The data behind this project was pulled from the US heart and stroke atlas (https://www.cdc.gov/dhdsp/maps/atlas/index.htm) and was represented by a csv with attributes cnty_fips, display_name, poverty_perc, median_household_income, education_less_than_high_school_percent, air_quality, park_access, percent_inactive, percent_smoking, urban_rural_status, elderly_percentage, number_of_hospitals, number_of_primary_care_physicians, percent_no_heath_insurance, percent_high_blood_pressure, percent_coronary_heart_disease, percent_stroke, percent_high_cholesterol per U.S. county.

You can download the data here to see for yourself!

Download

Sketches

I made the following sketches at the beginning of this project to help illustrate how I could visually represent this data in an easy-to-understand way.

* Sketch 1 *
* Sketch 2 *

The first sketch above was a first pass at how I could organize the data into various chart types. You can see ideas around showing a circle for every county in a scatter plot, showing 2 bars for each county (1 bar for each attribute selected) in a bar chart, side by side choropleth maps, and even bar charts based on percentage ranges and county count on the y axis were some ideas I had originally.

The second sketch was a refinement on the ideas put forth in the first sketch. In the second sketch you can see I pulled out some common controls like attribute selection, chart type selection and even started lofting the idea of aggregation selections into a left hand side form panel. Then I would have the right hand side show 1 chart at a time, possibly even using a carousel type interaction for switching between chart types. This of course is still a little off from my final version but ideas from this sketch were very closely followed in the final implementation.

Gui

The above sketches then translated to the actual visualization of these components in my app gui.

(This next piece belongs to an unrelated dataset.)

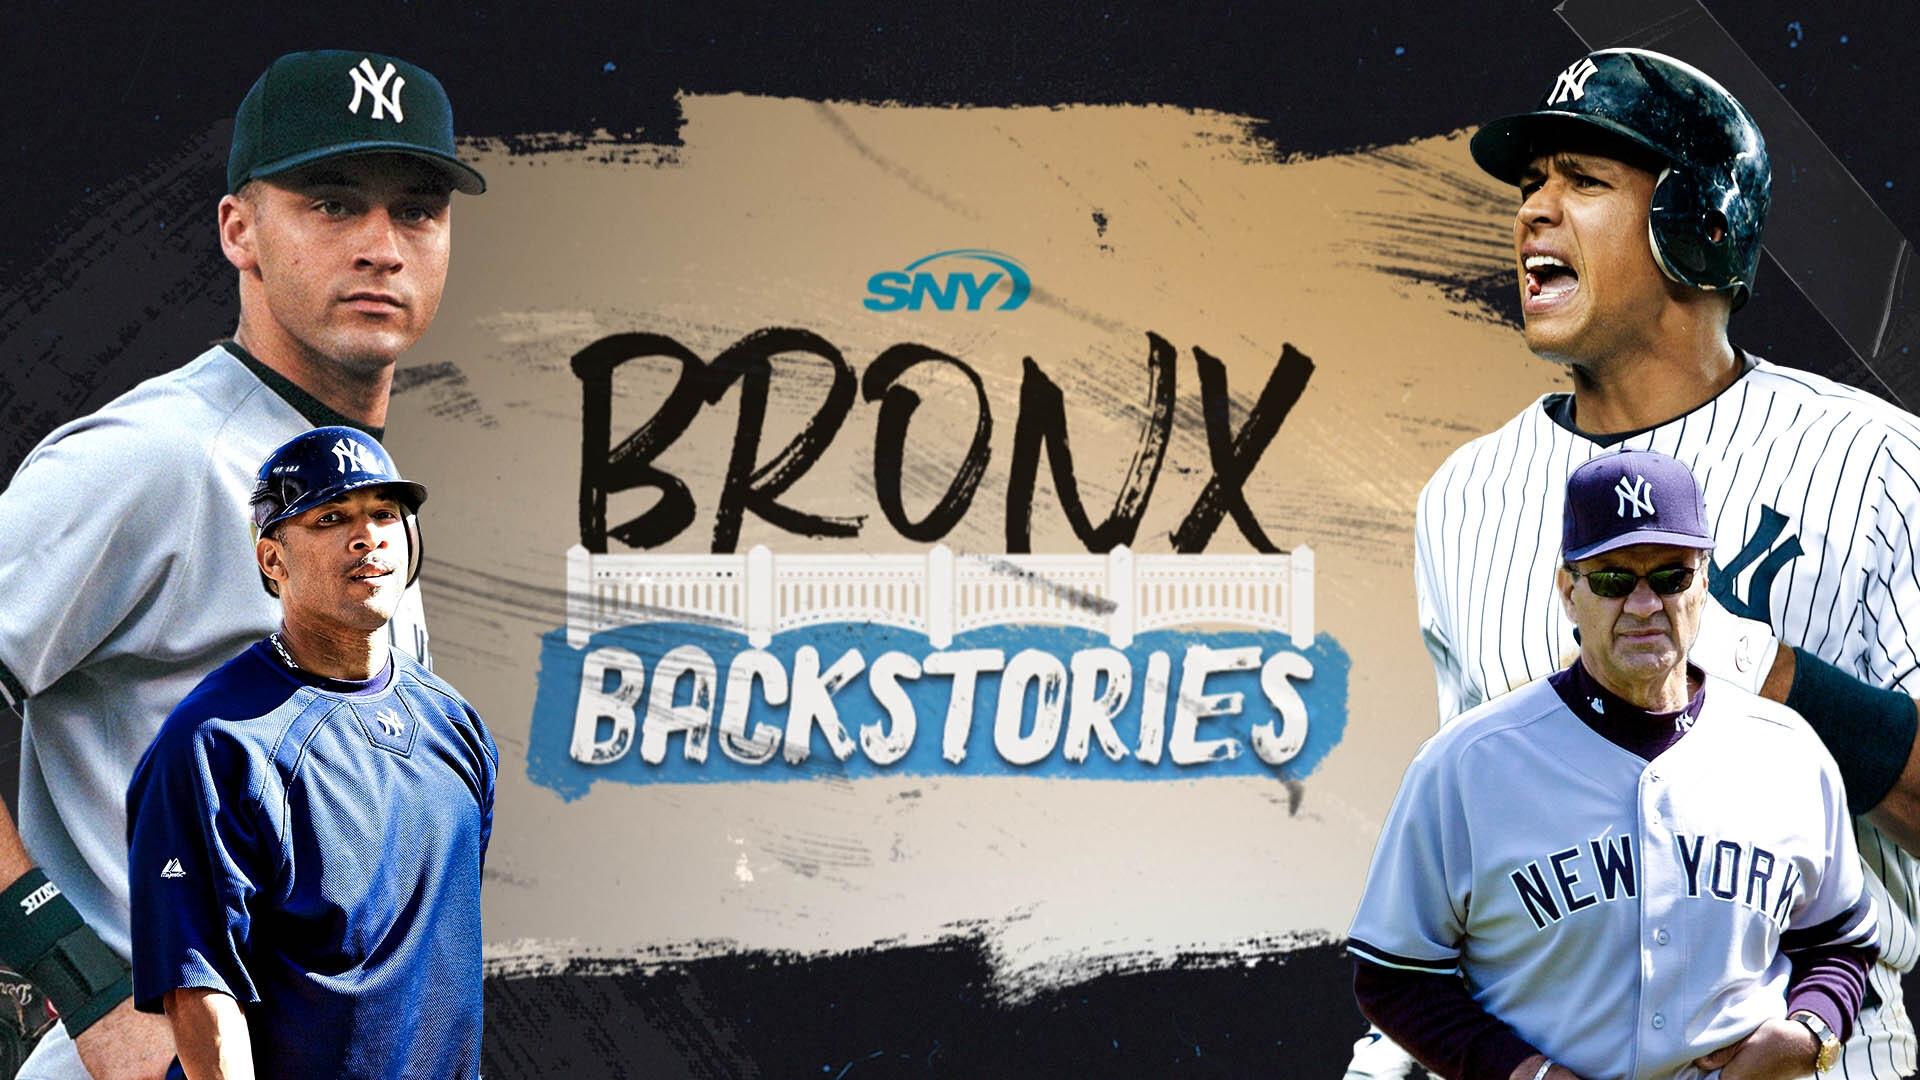 Bronx Backstories
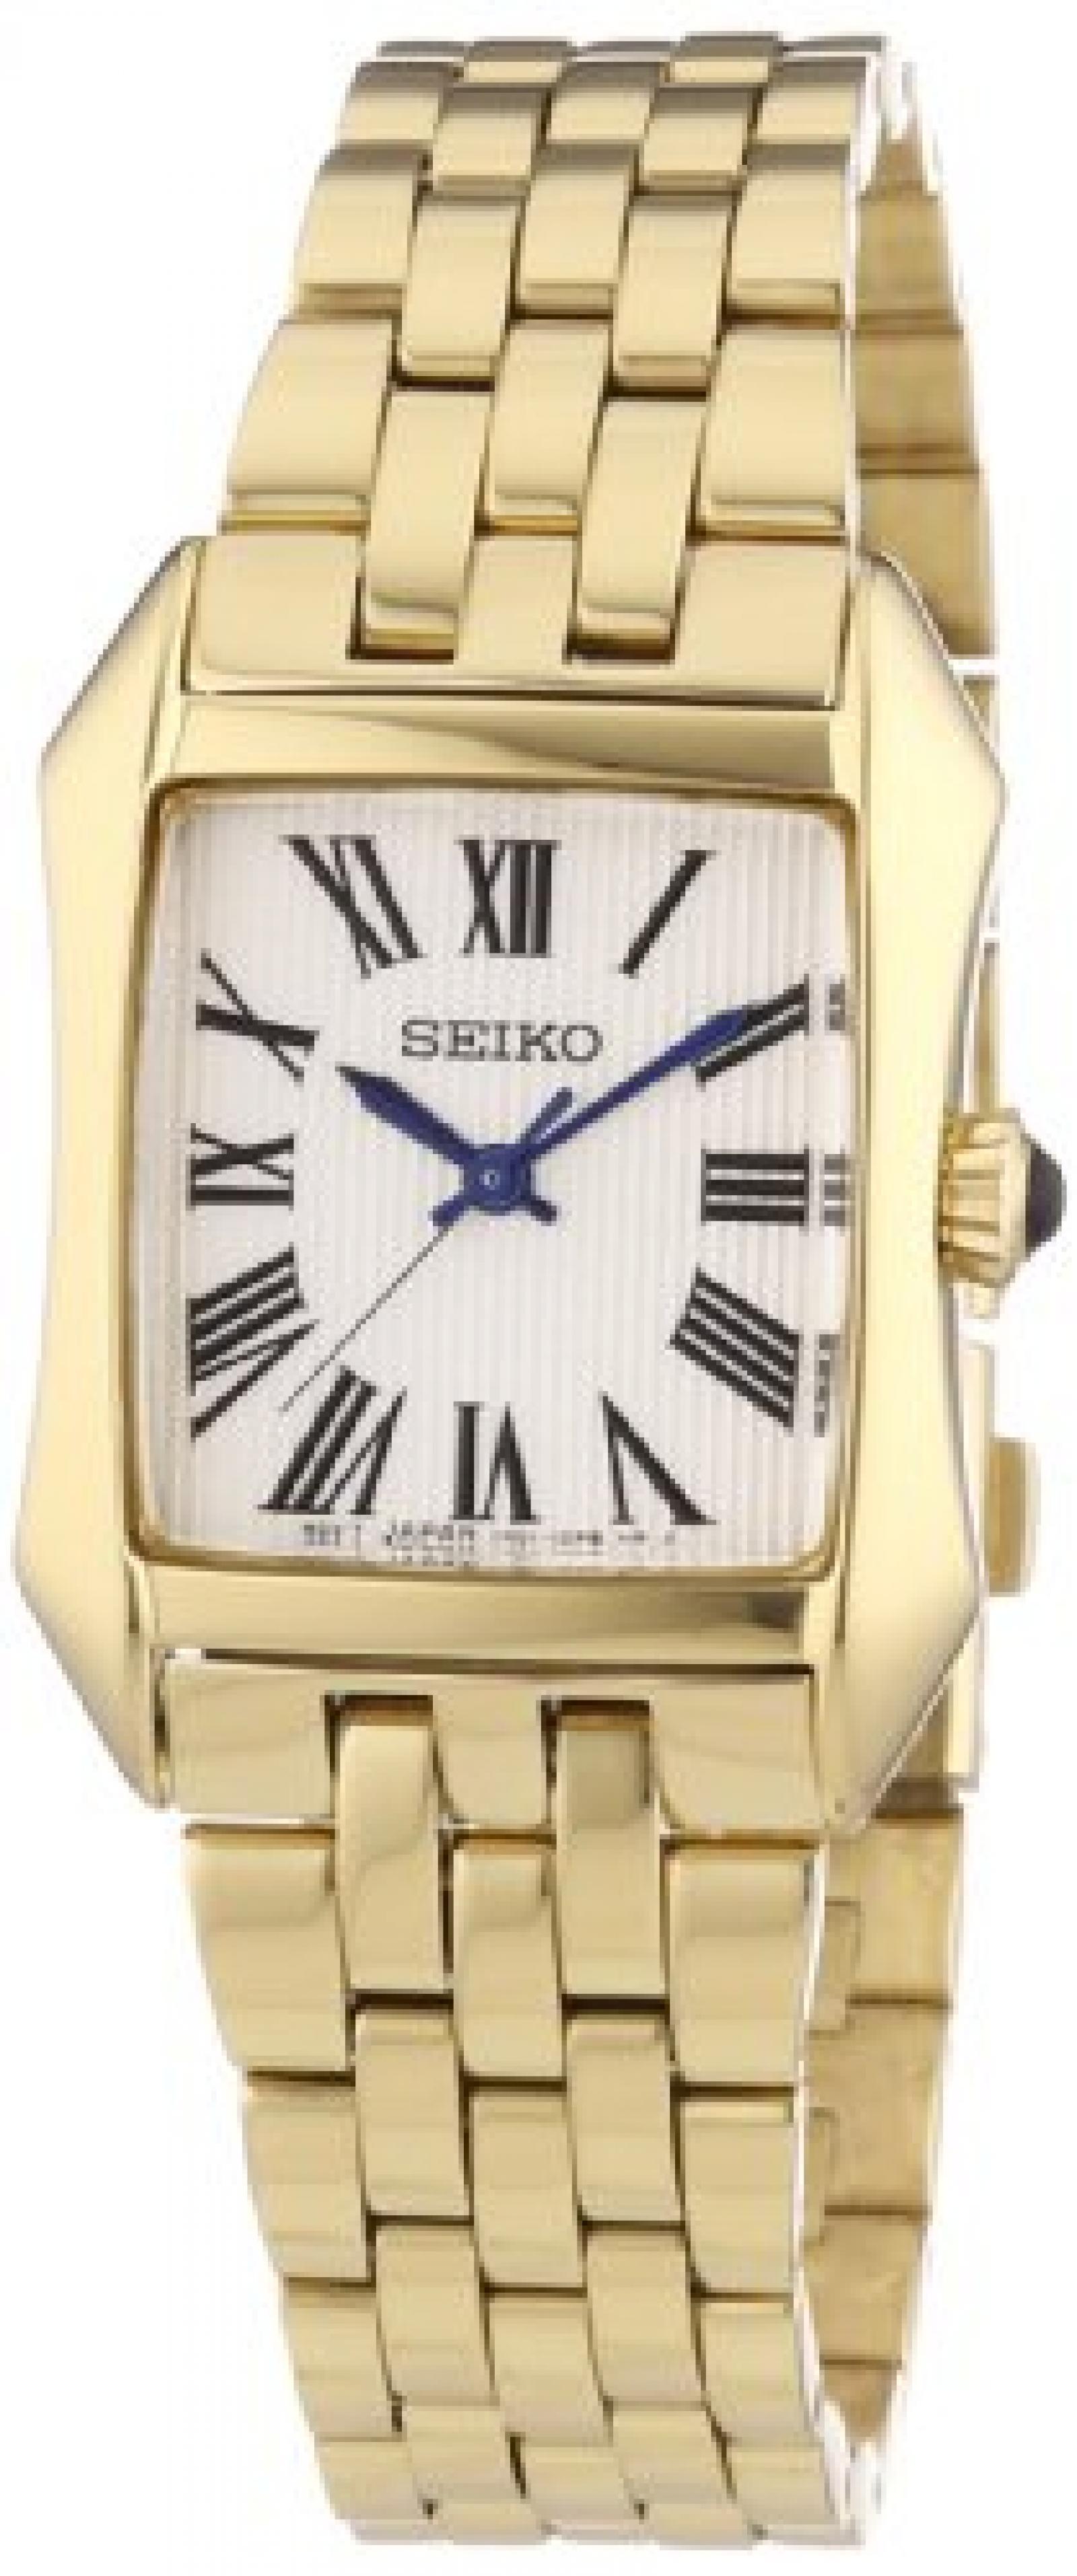 Seiko Damen-Armbanduhr Analog Quarz Edelstahl beschichtet SXGP22P1

As you can see there are 3 different views (1 for each chart type). I then have a global form on the left-hand side that provides attribute changing, grouping/aggregating, and in some cases sorting functionality. I wanted to make these controls shared between the different chart types as much as possible to make switching between them feel more fluid and keeping the same selections between charts. The most interesting thing about this form section to me is the grouping functionality. Upon looking at the data I found that showcasing datapoints for all 3000+ counties would be difficult in some cases. Thus, I wanted a way to limit the number of datapoints for these instances. By grouping all the counties into their respective state, or urban rural status I can reduce the number of datapoints to render dramatically. This led to the question of how should I group them? Should I average all the datapoints together? Take the maximum value? This is where the group by aggregate selection came in. This allows users to not only group datapoints together but decide how to aggregate the values of that group as well.

You may also notice there are some additional controls when the bar and choropleth maps are selected. At first, I wanted to display two maps side by side (1 for each attribute) but quickly realized that horizontal scroll would be needed to do this and comparing over scroll felt incorrect. Thus, I opted to add more controls on the right-hand side to allow the user to toggle how the coloring is applied to a single map (based on the first or second attribute depending on how many times the toggle button is clicked). This prevents the user from having to sift their eyes across two different maps when they want to compare those hot/low spots I mentioned above, while also giving more screen real estate to the map.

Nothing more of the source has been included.